The most widespread form of a display of the equations of motion consists of plotting the deflection, for example, over the time axis (fig. 2.2.5). However, to deduce a chaotic behaviour by means of this method is not realistic and is doomed to failure because the observed period of time is necessarily finite. Although the bizarre, non-periodic course of the curve in fig. 2.2.5 strongly suggests an erratic course of motion, it remains uncertain whether a periodic motion might not be established after all, were one to observe a longer time interval.
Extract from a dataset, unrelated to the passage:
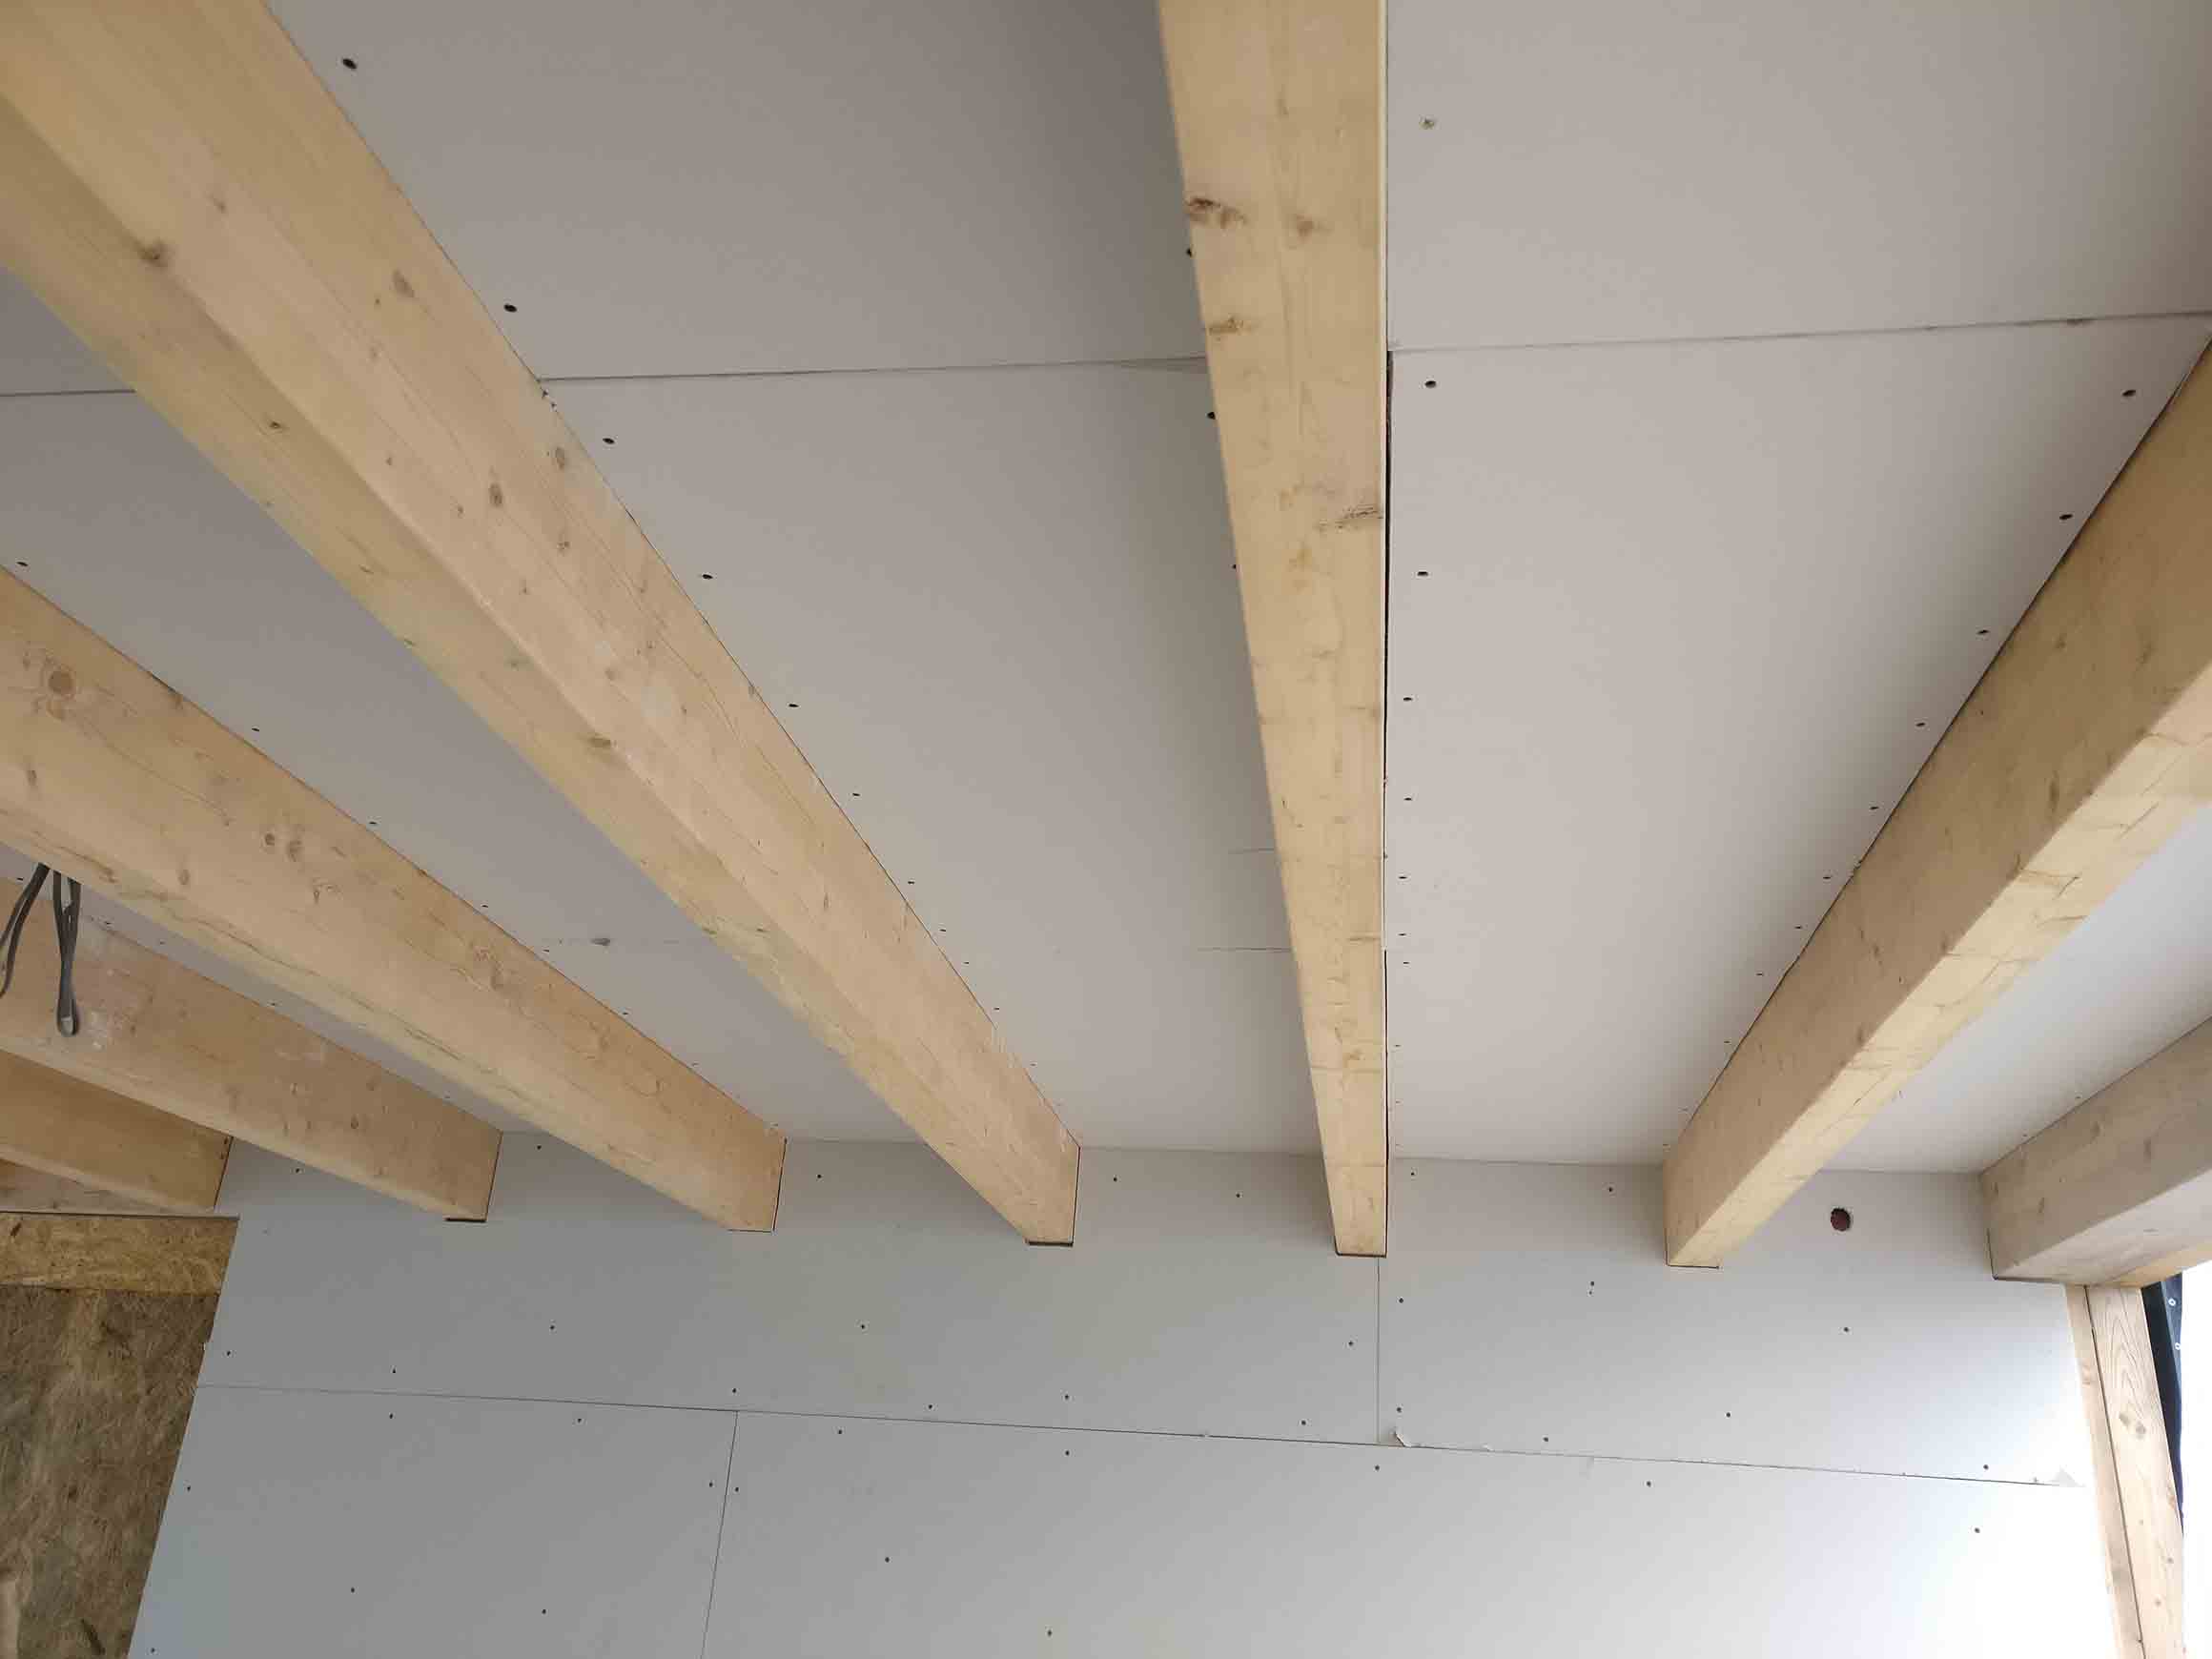 Gluelam beams installed and boarded

Fig. 2.2.5 Transient response of the motion

It may require skill and effort to distinguish between regular and irregular be­haviour on the basis of the transient response of the variables of state of non­linear dynamic models; it is, however, even more difficult to differentiate in an experimentally established transient response between background noise and de­terministic chaos. In order to assess dynamic behaviour, it is also possible to apply, apart from the representation in the phase space and the temporal change of individual variables of state, the power spectrum method, well known to the engineer (see section 5.3). The recorded histograms, which are evaluated in this method by means of a Fourier analysis, yield clearly defined peaks in the power spectrum diagram for periodic or quasi-periodic motions; in contrast, continuous curves or curves with a high noise level indicate stochastic behaviour. This means that in the erratic case, the measured variables can no longer be represented as a discrete superimposition of oscillations: from a critical value of this variable of state in the Fourier-transformed signal onwards, a very high noise component in

Fig. 2.2.6 Stream lines, transient response and power spectrum in dependence on the Reynolds number Re; cf. (Feynmann et al., 1977)
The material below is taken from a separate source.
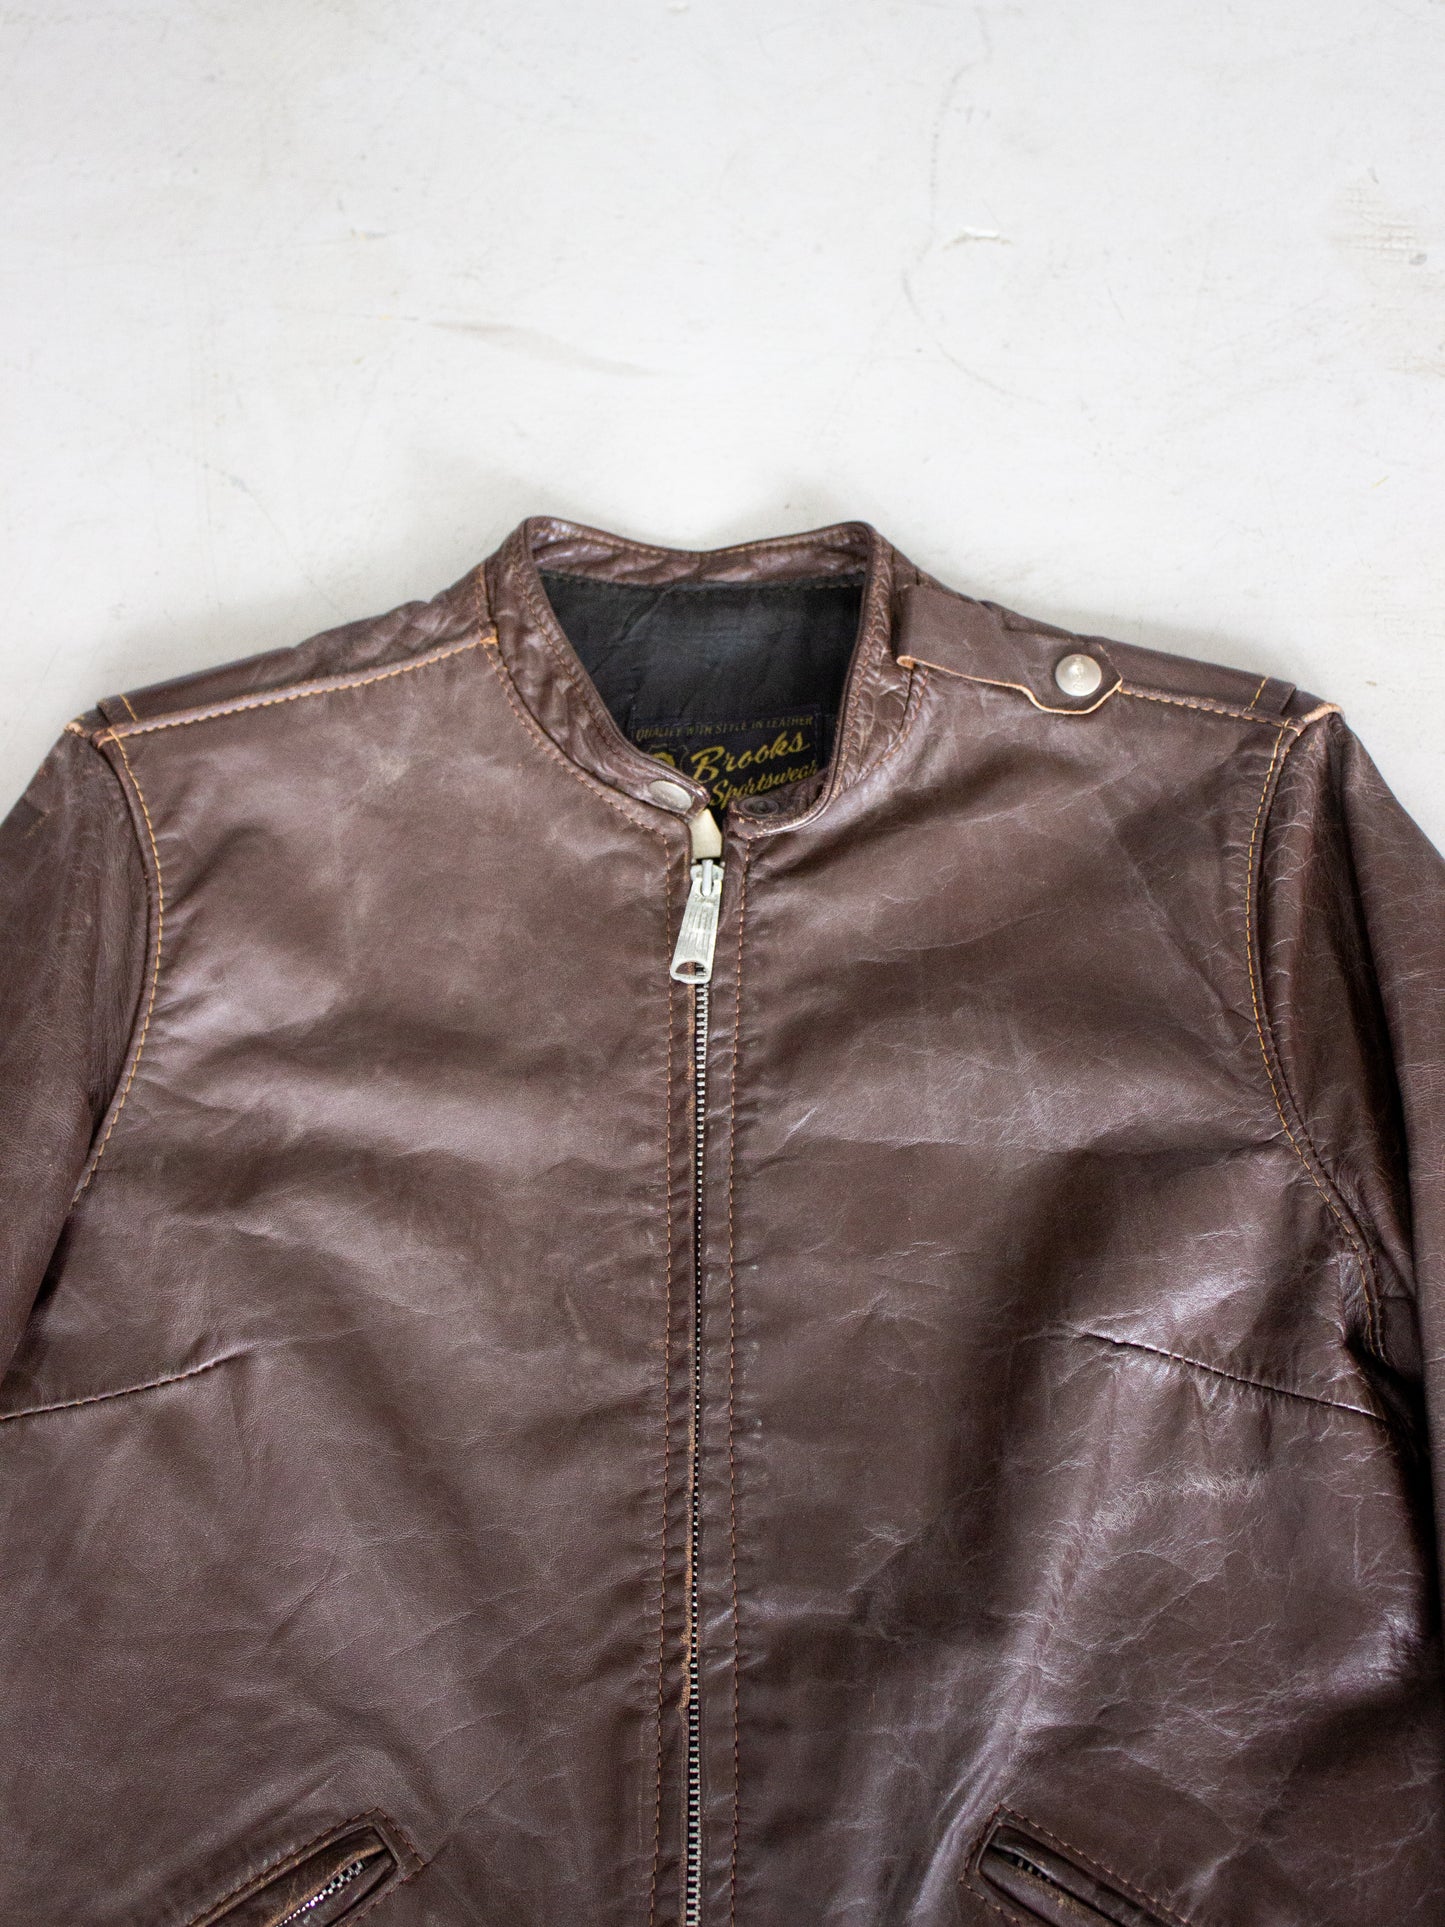 1960's Brooks Brown Leather Cafe Racer Motorcycle Jacket Made in USA Talon Zippers (Small)

the spectrum emerges. Since these power spectra can easily be ascertained experi­mentally, however, they offer themselves as a means of characterising the irregular behaviour of real systems. At the moment, however, we know of no method which enables us to eliminate the random influences involved in the experiment in order to make a strict distinction in the power spectrum between chaotic behaviour due to stochastic causes and that due to deterministic contributions. We can illustrate this with an example taken from fluid dynamics (fig. 2.2.6).As a consequence, simple spectral analysis does not suffice as a single tool for de­scribing erratic behaviour in chaotic physical systems. Other methods of measur­ing must be found in order to describe the wide spectrum of regular and irregular motions qualitatively.

In the literature, a multitude of possible methods for characterising the occurrence of chaotic motions is presented. Apart from the power spectrum and autocorre­lation, the two classic tools, we propose to concentrate on the following criteria: Lyapunov exponents, dimensions and Kolmogorov-Sinai entropy. An extensive discussion of these concepts can be found in the context of dissipative systems and attractors in Chapter 5.

The examples of mechanical systems mentioned here make it clear that the concept of the attractor plays a central role in the description of the behaviour of damped systems subject to deterministic equations of motion. We basically differentiate between two types: regular attractors and strange attractors. On the one hand, there are three classic types of motion: equilibrium, periodic motion and quasi- periodic motion. All three states are associated with regular attractors since, in the case of damping, the system tends towards one of these three states after the transient phase. The point attractor corresponds to the state of equilibrium, the limit cycle to periodic motion and the torus to quasi-periodic motion. On the other hand, there is a class of deterministic, but erratic, i.e. chaotic, motions which are not predictable if the initial conditions are subject to small fluctuations. Such long-term behaviour (t —> oo) is associated with the concept of the strange attractor.